# PROBLEM REQUIREMENTS
For this listing, reproduce the line with "Palram Osvětlovací systém Torino 3 x 4,25", the line with "Sneha Roped In For 'Kochadaiyaan'?", and the lines between, exactly as they stand. Leave out pictures and all other lines.

# DATA UNDER STUDY
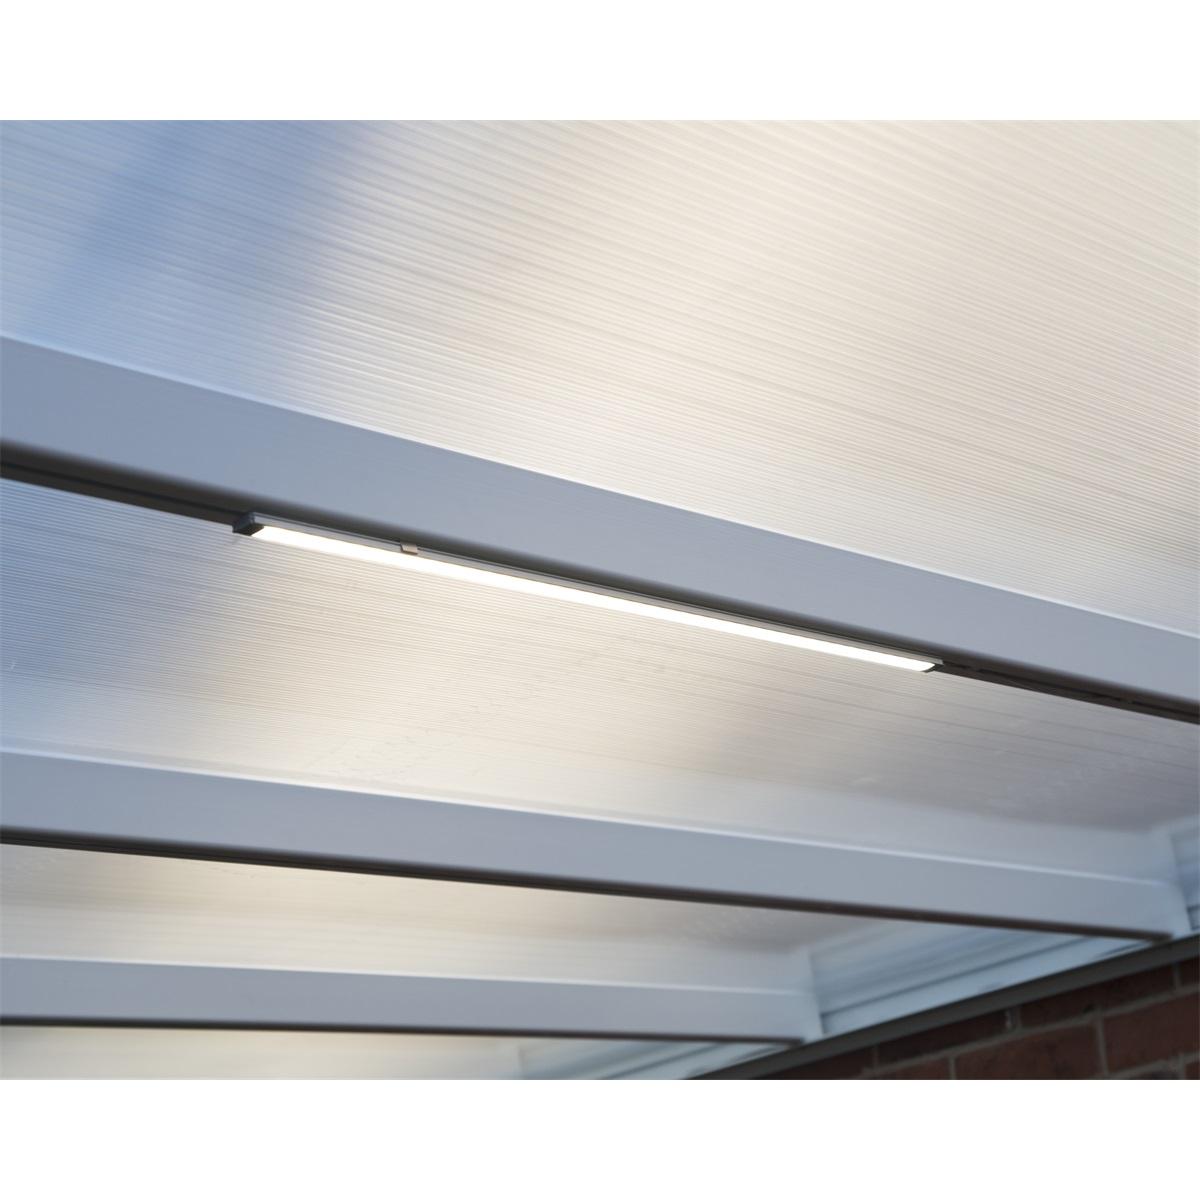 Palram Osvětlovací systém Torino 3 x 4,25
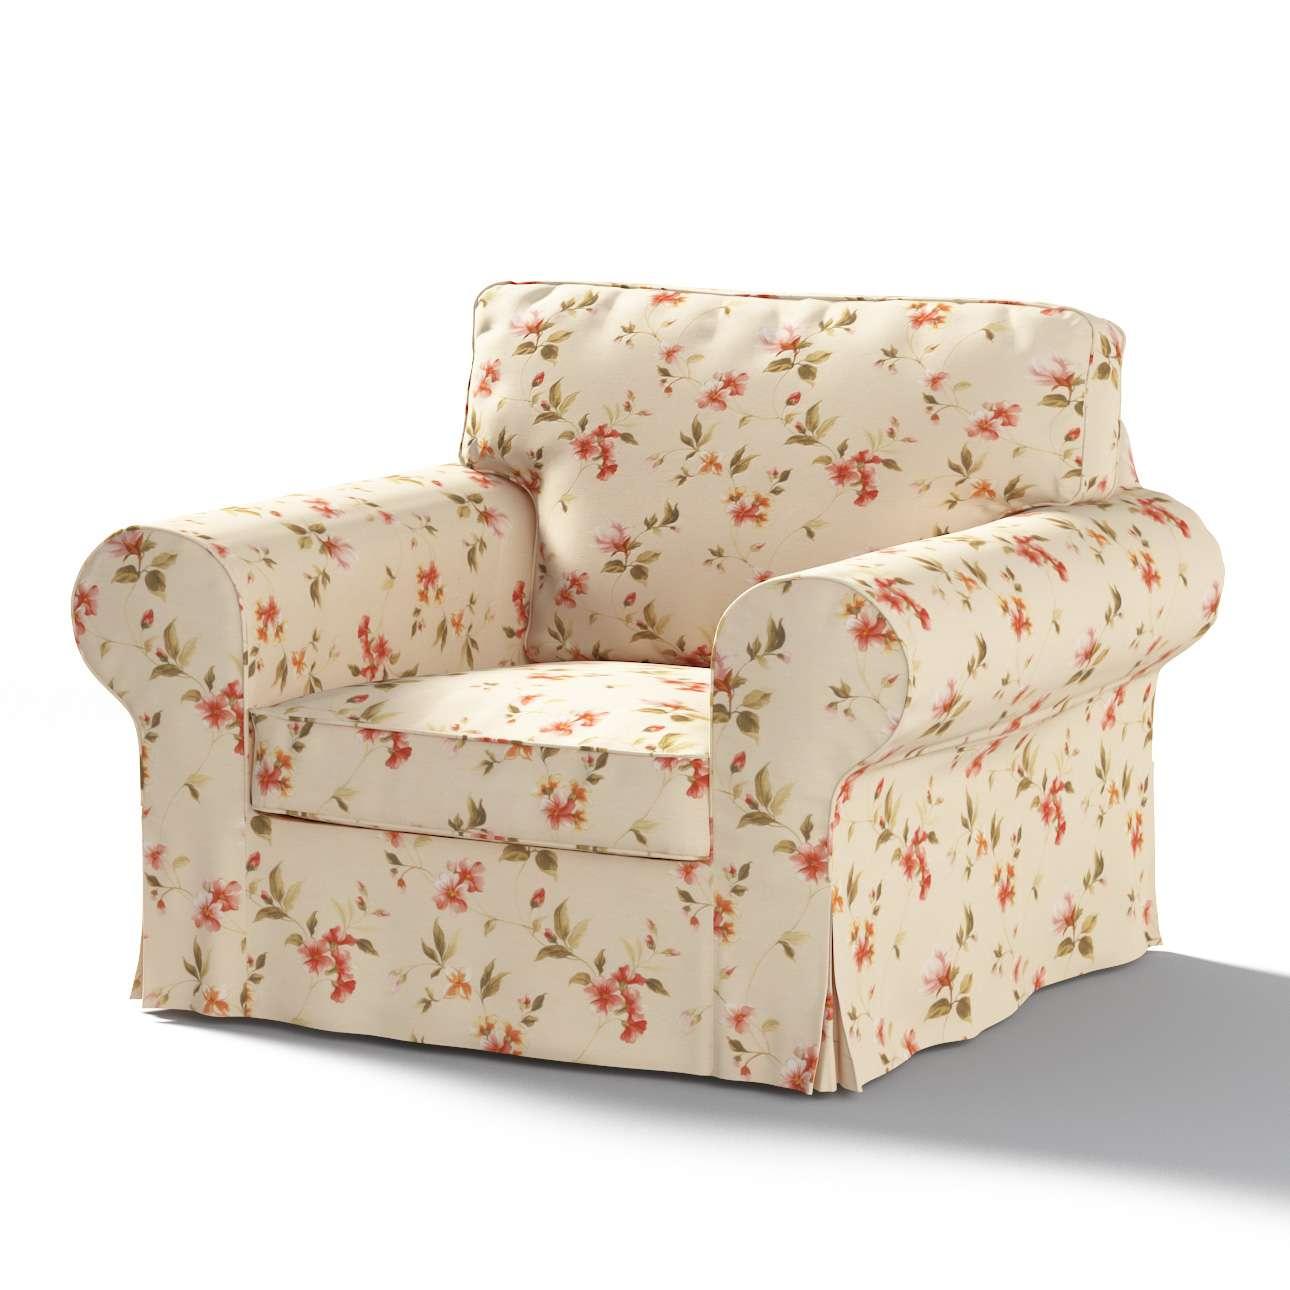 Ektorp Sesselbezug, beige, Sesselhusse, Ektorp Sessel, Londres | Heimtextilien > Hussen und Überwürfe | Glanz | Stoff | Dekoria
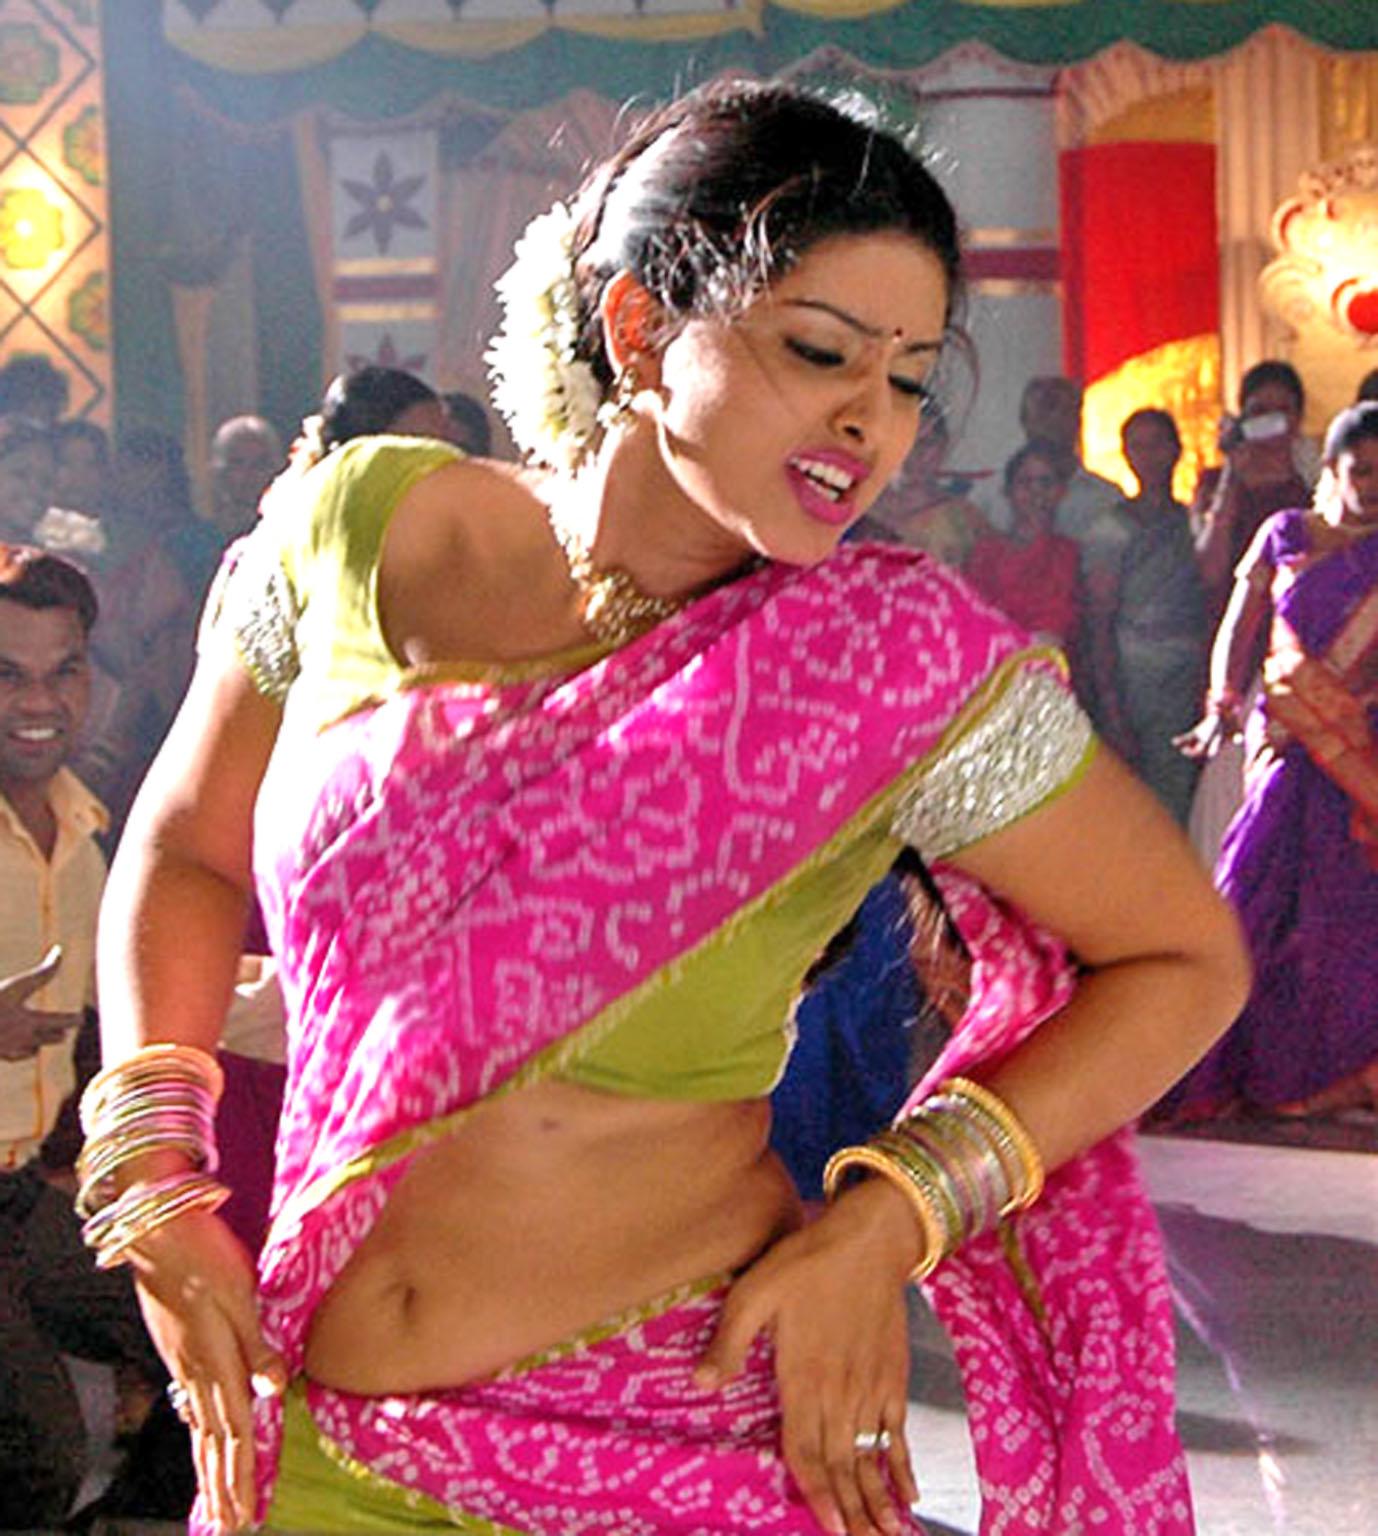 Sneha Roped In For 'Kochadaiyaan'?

==

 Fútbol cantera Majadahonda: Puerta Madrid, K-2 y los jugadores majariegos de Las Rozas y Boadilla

==

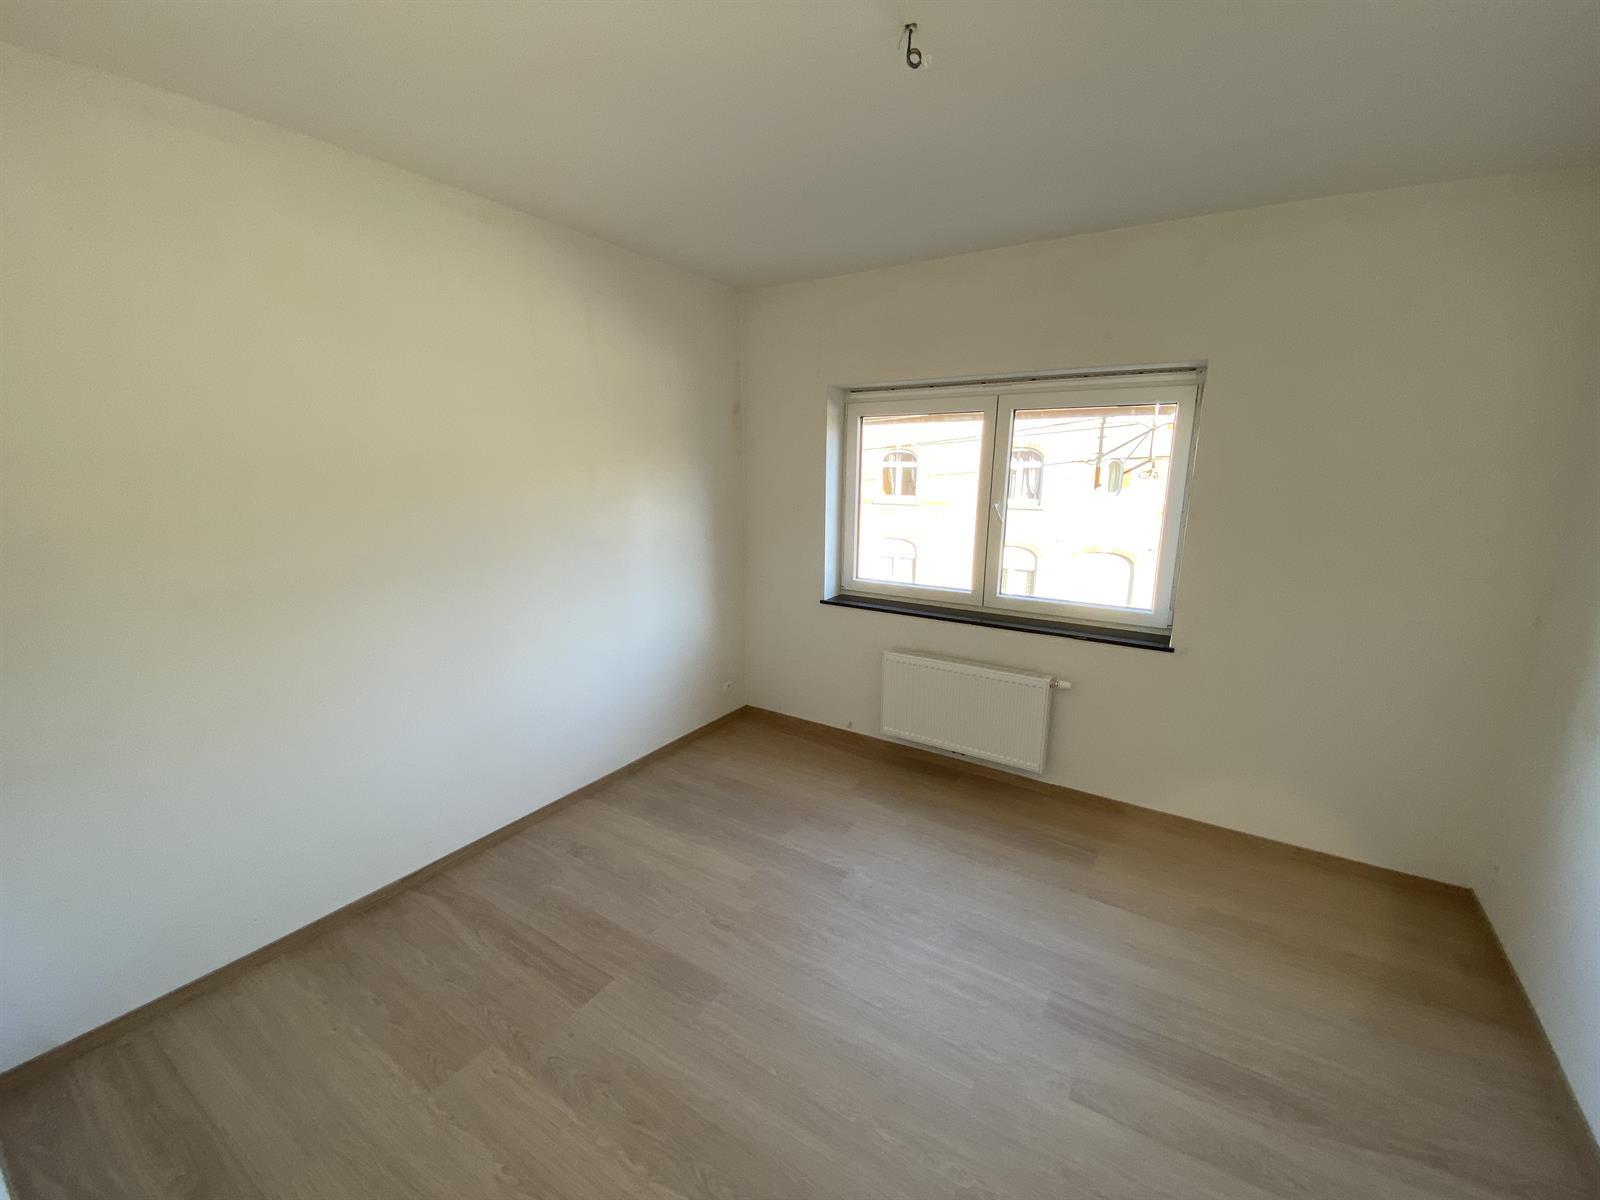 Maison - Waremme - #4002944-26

# RESULT OF THIS TASK
 Palram Osvětlovací systém Torino 3 x 4,25
 Ektorp Sesselbezug, beige, Sesselhusse, Ektorp Sessel, Londres | Heimtextilien > Hussen und Überwürfe | Glanz | Stoff | Dekoria
 Sneha Roped In For 'Kochadaiyaan'?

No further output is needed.